My final project for CS 294-115. The main idea is to use DQN but boost it with human data. Specifically, when the Q-Learning policy asks us to take a random action, we will usually (but not always, more on that later) take an action that is instead chosen by a previously trained classifier which maps from sequences of game frames (i.e. states) to actions. The classifier was trained on HUMAN data from my own gameplay, which should presumably be better than selecting random actions. The revised DQN code is in my other repository, which was forked from spragnur's version.
Make sure to follow these steps carefully!!! There's a lot of places in the pipeline where it's easy to make a mistake.
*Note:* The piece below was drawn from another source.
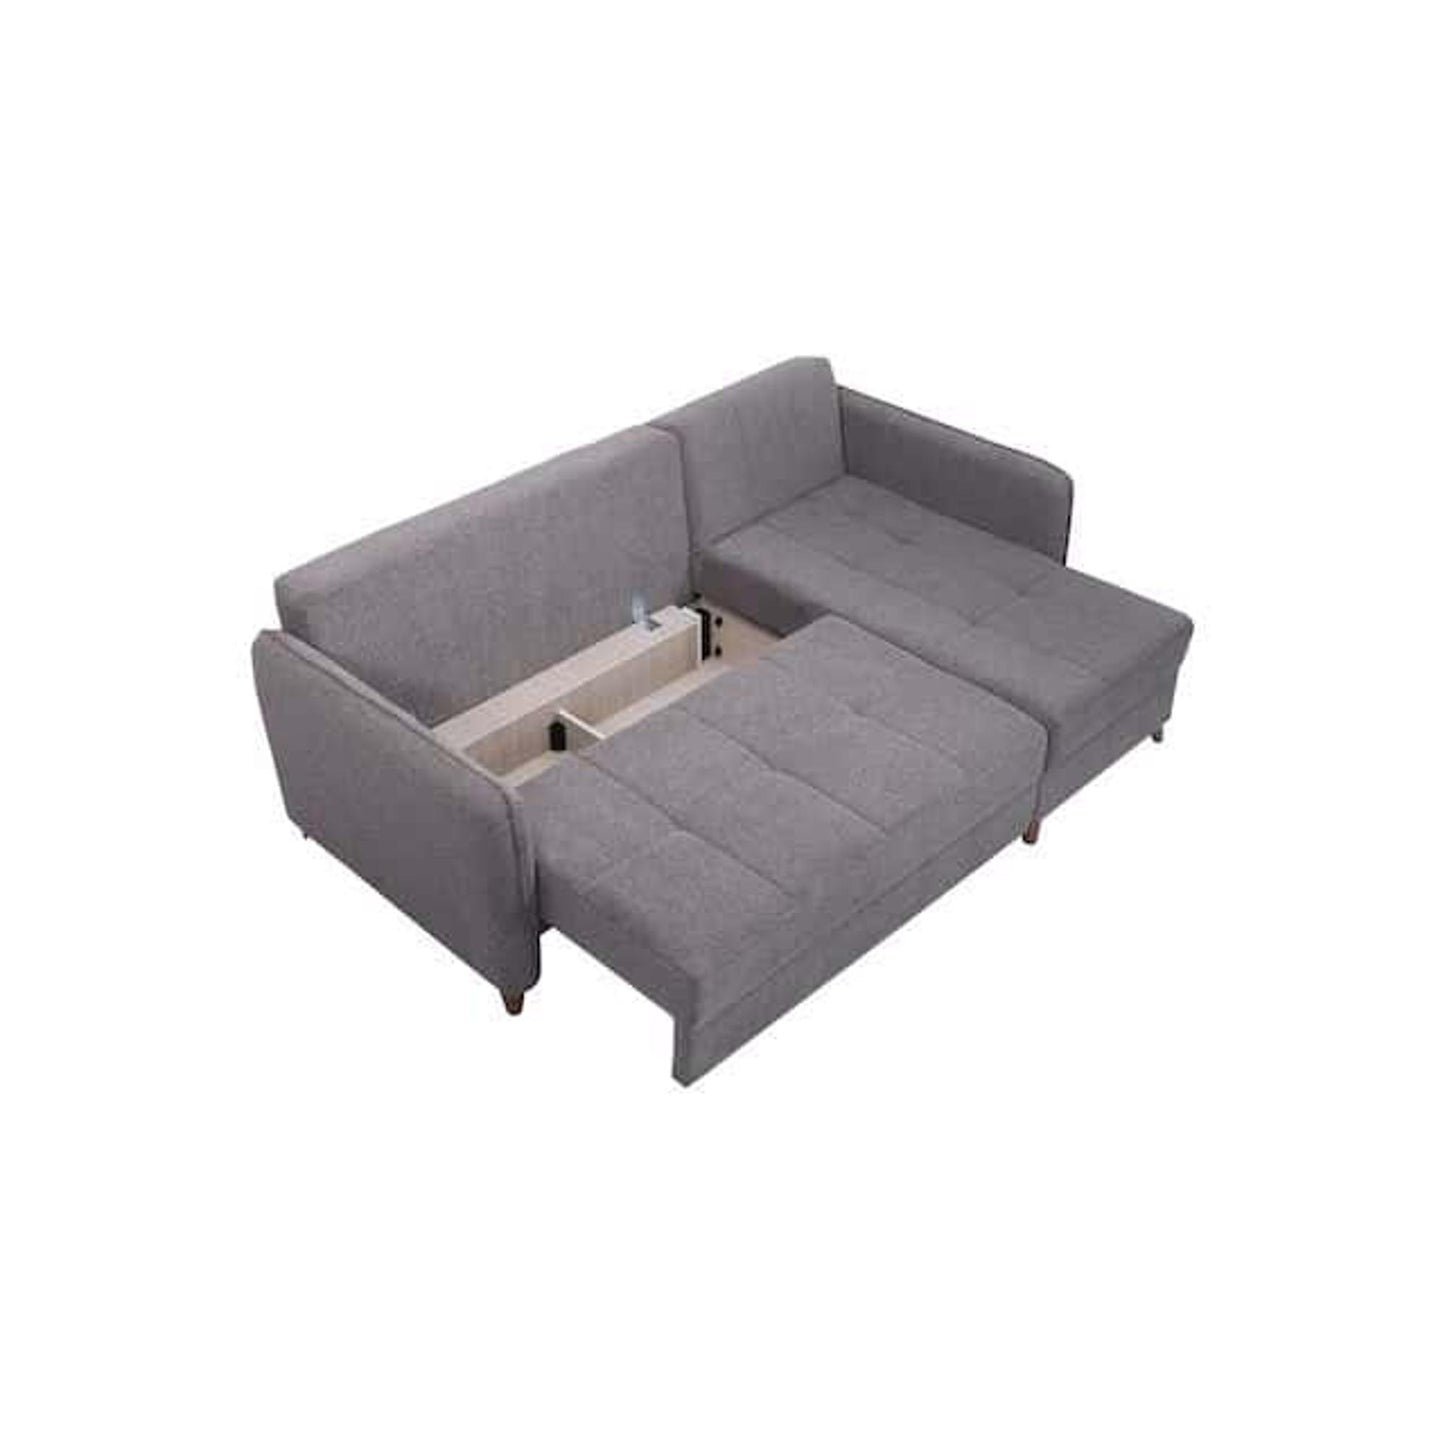 Brooklyn Sectional Sofa in Gray Chenille Fabric

The high level idea of this code is as follows: first the human plays Atari games to gather data in the form of (game frames, action), where the game frames are really four "consecutive", non-skipped frames. Then we train a neural network to classify from game frames to actions. Then we finally plug it inside a DQN learner, so that during the exploration phase, instead of playing random actions, we play the action that the classifier tells us to play based on the current game state. The hope is that this will boost early performance.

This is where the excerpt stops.